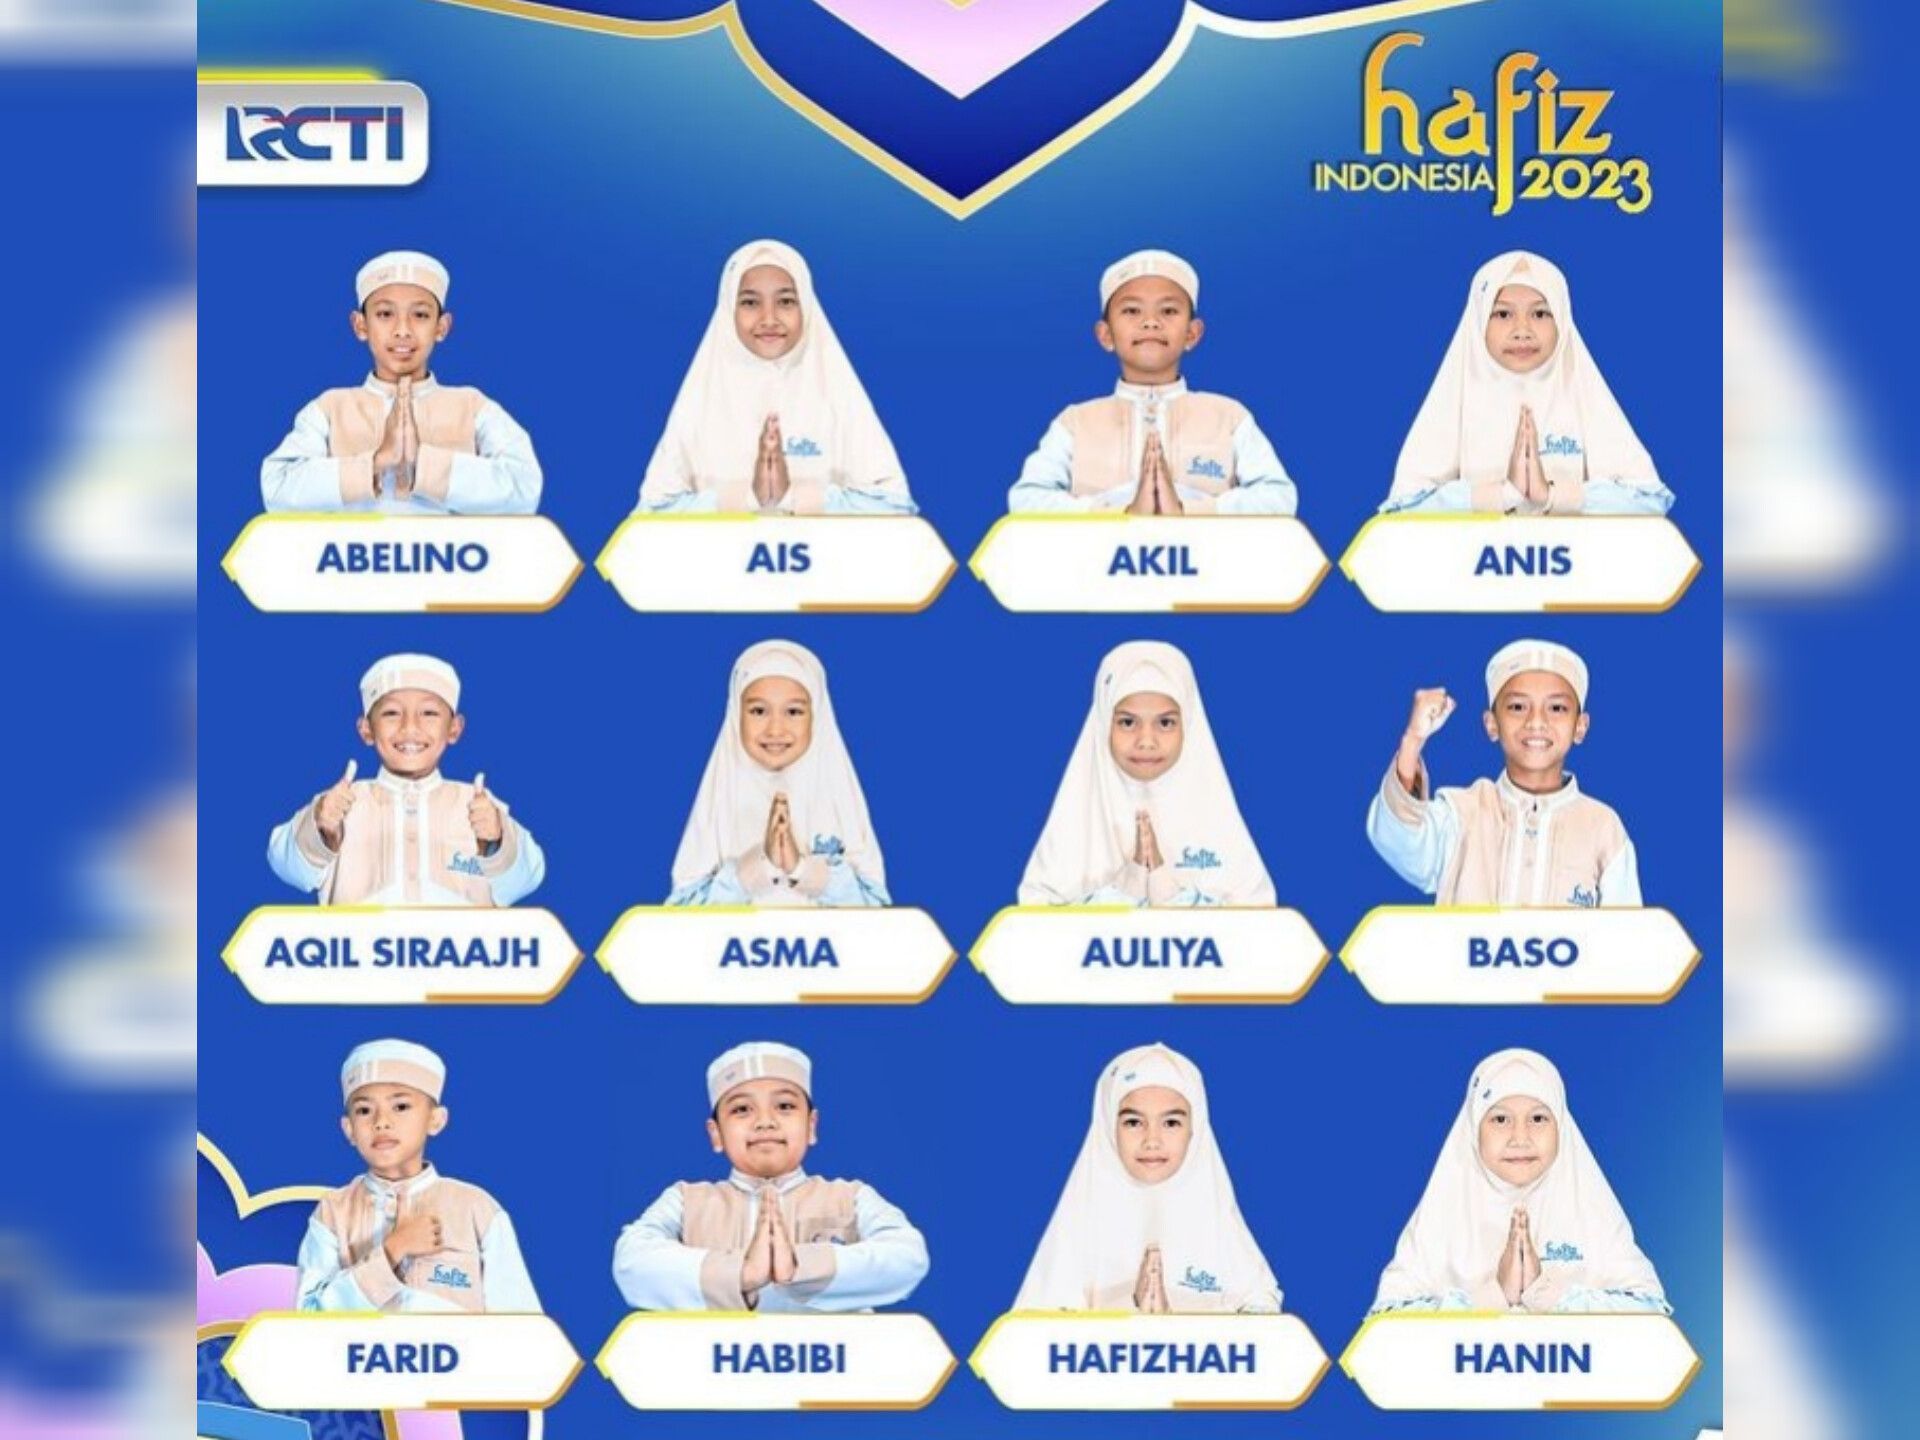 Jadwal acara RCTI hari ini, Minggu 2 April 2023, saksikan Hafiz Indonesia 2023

☆ ☆ ☆

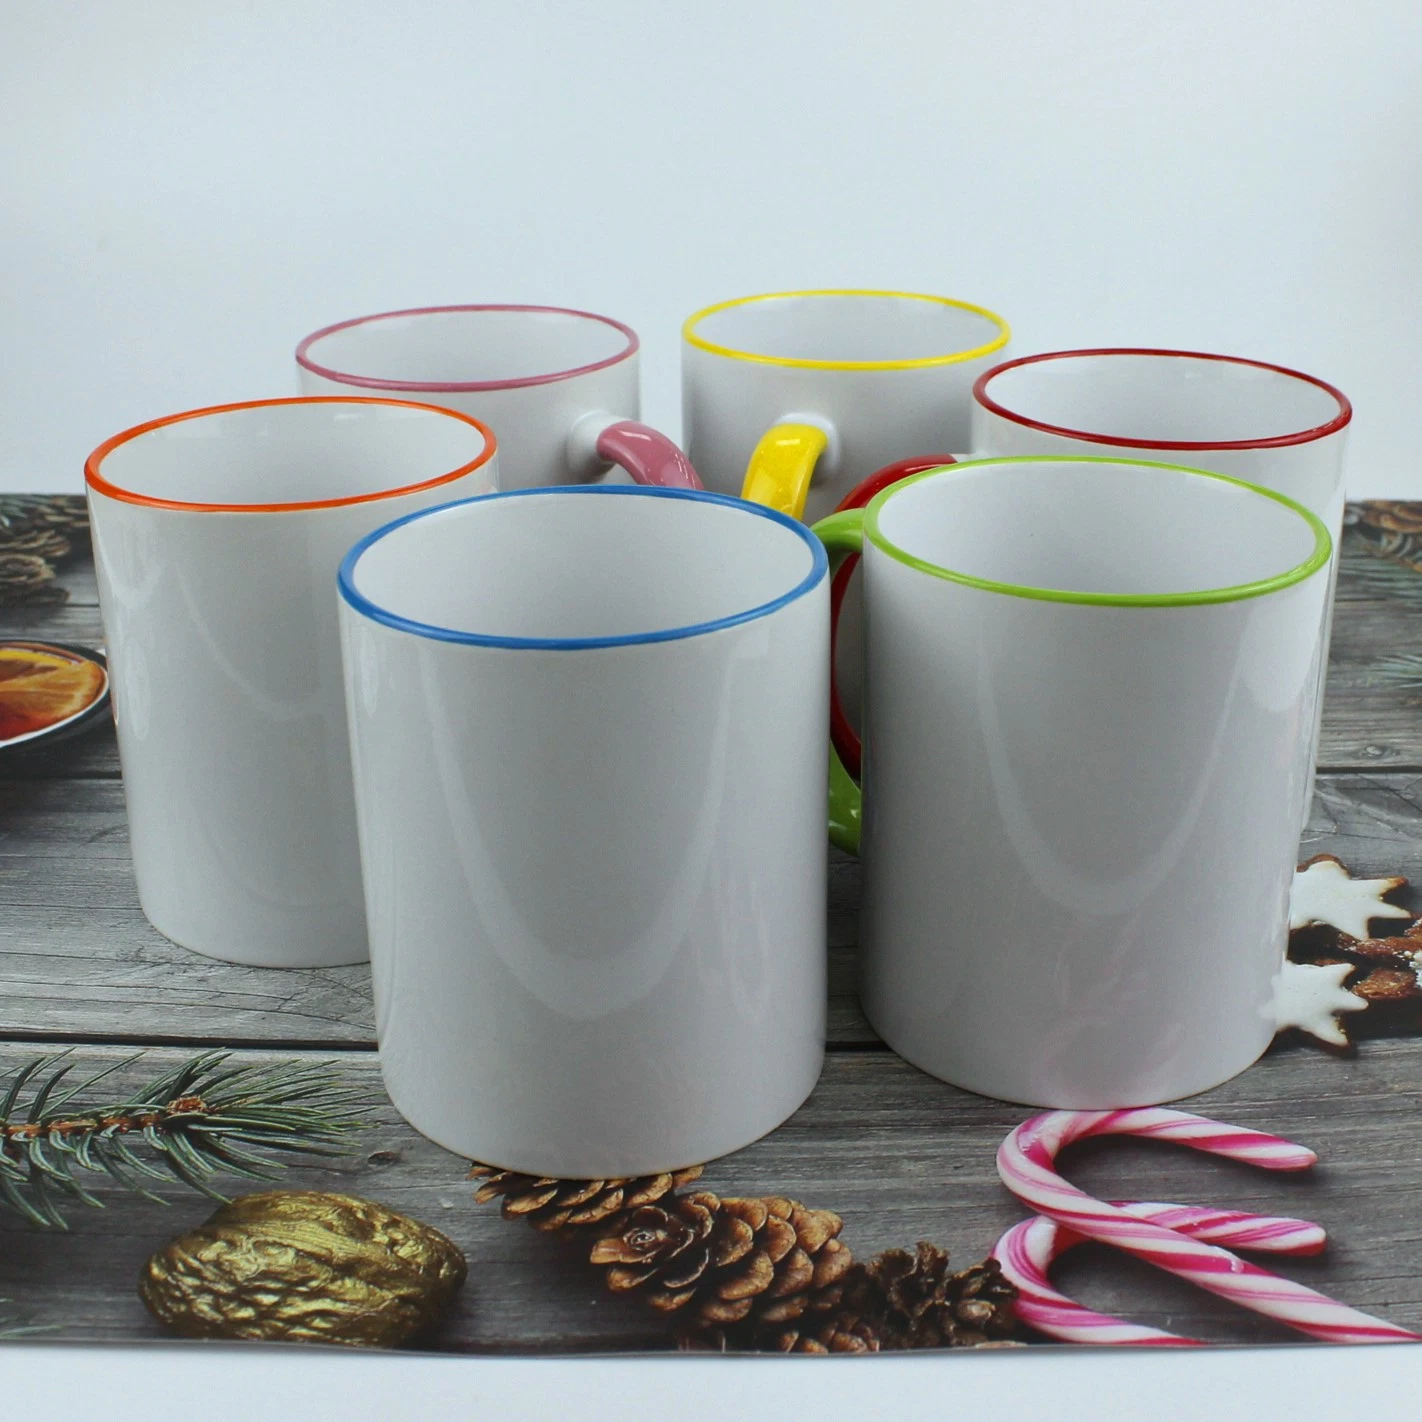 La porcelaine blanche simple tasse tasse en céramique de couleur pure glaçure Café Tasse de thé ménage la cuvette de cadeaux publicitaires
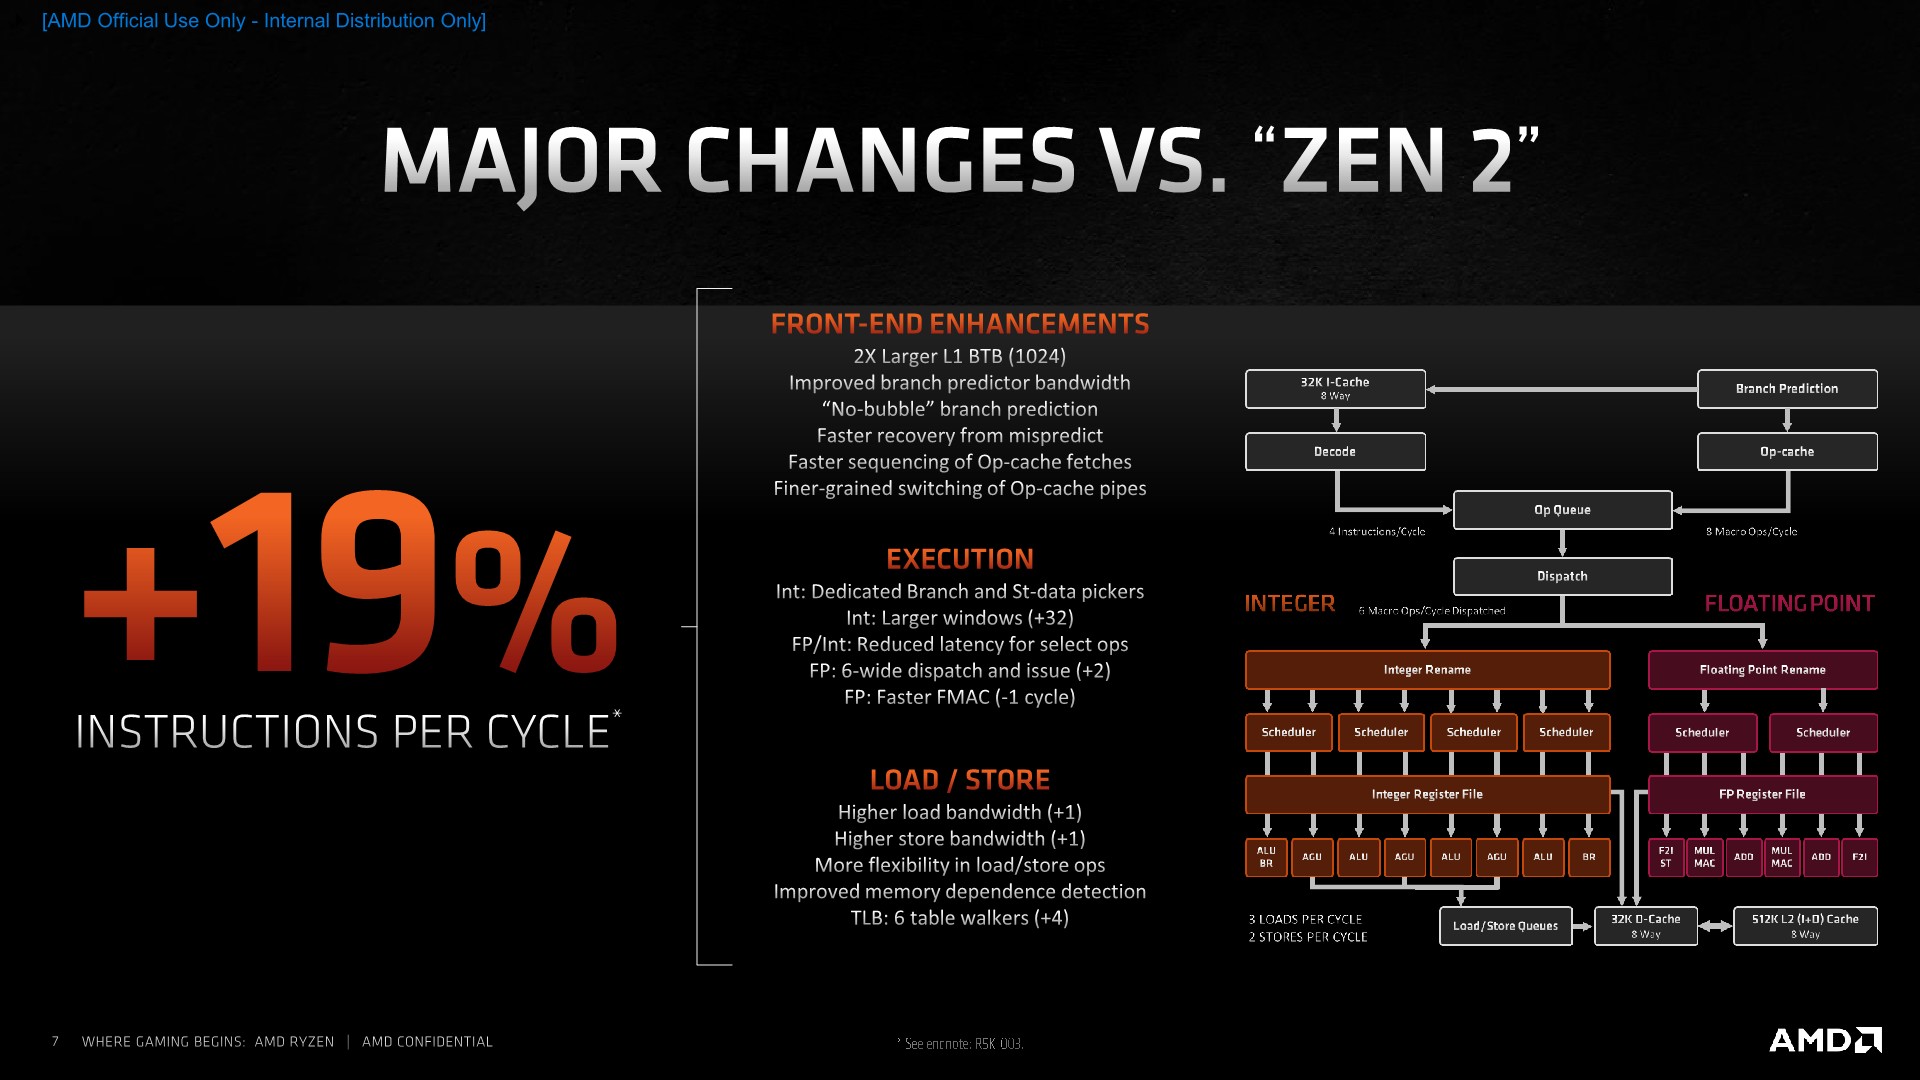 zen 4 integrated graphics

☆ ☆ ☆

TASK
Find the line with "La porcelaine blanche" and the line with "zen 4 integrated graphics" in the records above. Copy both and all lines between them exactly, without pictures.

ANSWER SECTION
 La porcelaine blanche simple tasse tasse en céramique de couleur pure glaçure Café Tasse de thé ménage la cuvette de cadeaux publicitaires
 zen 4 integrated graphics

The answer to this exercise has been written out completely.